Decompress Gzip files from EventHub with Structured Streaming

Hi everyone,

*<first time writing to this mailing list>*

Context: I have events coming into Databricks from an Azure Event Hub in a
Gzip compressed format. Currently, I extract the files with a UDF and send
the unzipped data into the silver layer in my Delta Lake with .write. Note
that even though data comes in continuously I do not use .writeStream as of
now.

I have a few design-related questions that I hope someone with experience
could help me with!

   1. Is there a better way to extract Gzip files than a UDF?
   2. Is Spark Structured Streaming or Batch with Databricks Jobs better?
   (Pipeline runs every 3 hours once, but the data is continuously coming from
   Event Hub)
   3. Should I use Autoloader or just simply stream data into Databricks
   using Event Hubs?

I am especially curious about the trade-offs and the best way forward. I
don't have massive amounts of data.

Thank you very much in advance!

Best wishes,
Maurizio Vancho Argall

Re: Decompress Gzip files from EventHub with Structured Streaming

Posted by ayan guha <gu...@gmail.com>.
Hi

IMHO this is not the best use of spark. I would suggest to use simple azure
function to unzip.

Is there any specific reason to use gzip over event hub?

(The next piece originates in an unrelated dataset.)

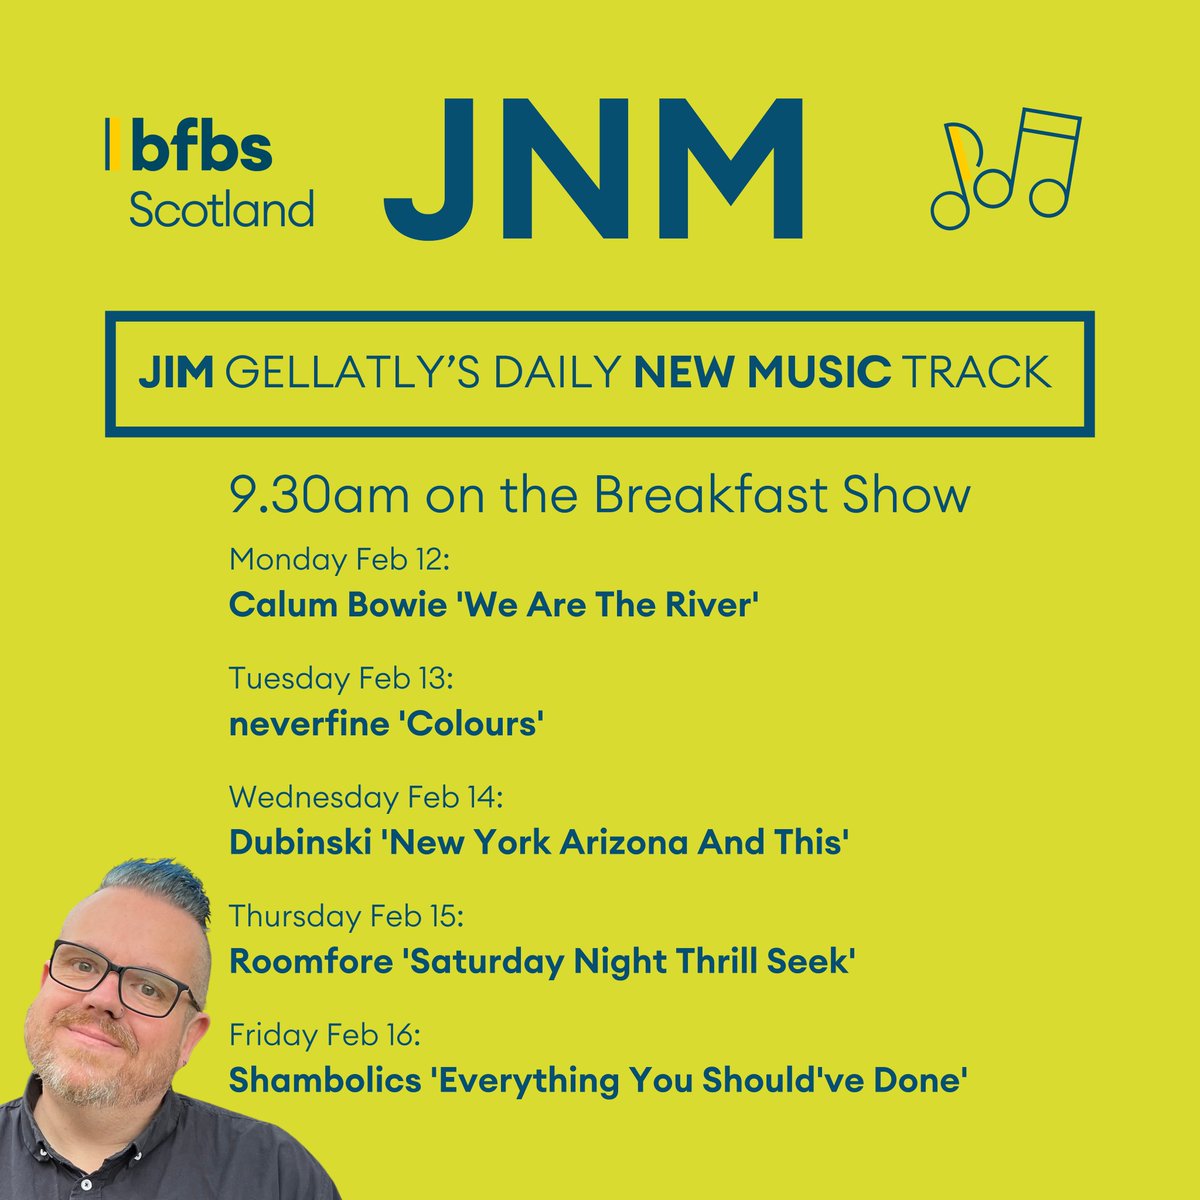 Every weekday we have new music from Scotland on the Breakfast Show! 🏴󠁧󠁢󠁳󠁣󠁴󠁿 Check out Jim's latest picks! 📻 radio.bfbs.com/stations/bfbs-…

If you can wait 10-20 sec to process, you can use eventhub capture to write
data to storage and  then process it.

It all depends on compute you are willing to pay, every 3 sec of scheduled
job should not give you any benefit over streaming.

Best
Ayan

On Wed, 9 Mar 2022 at 5:42 am, Data Guy <da...@gmail.com> wrote:

> Hi everyone,
>
> *<first time writing to this mailing list>*
>
> Context: I have events coming into Databricks from an Azure Event Hub in a
> Gzip compressed format. Currently, I extract the files with a UDF and send
> the unzipped data into the silver layer in my Delta Lake with .write. Note
> that even though data comes in continuously I do not use .writeStream as of
> now.
>
> I have a few design-related questions that I hope someone with experience
> could help me with!
>
>    1. Is there a better way to extract Gzip files than a UDF?
>    2. Is Spark Structured Streaming or Batch with Databricks Jobs better?
>    (Pipeline runs every 3 hours once, but the data is continuously coming from
>    Event Hub)
>    3. Should I use Autoloader or just simply stream data into Databricks
>    using Event Hubs?
>
> I am especially curious about the trade-offs and the best way forward. I
> don't have massive amounts of data.
>
> Thank you very much in advance!
>
> Best wishes,
> Maurizio Vancho Argall
>
> --
Best Regards,
Ayan Guha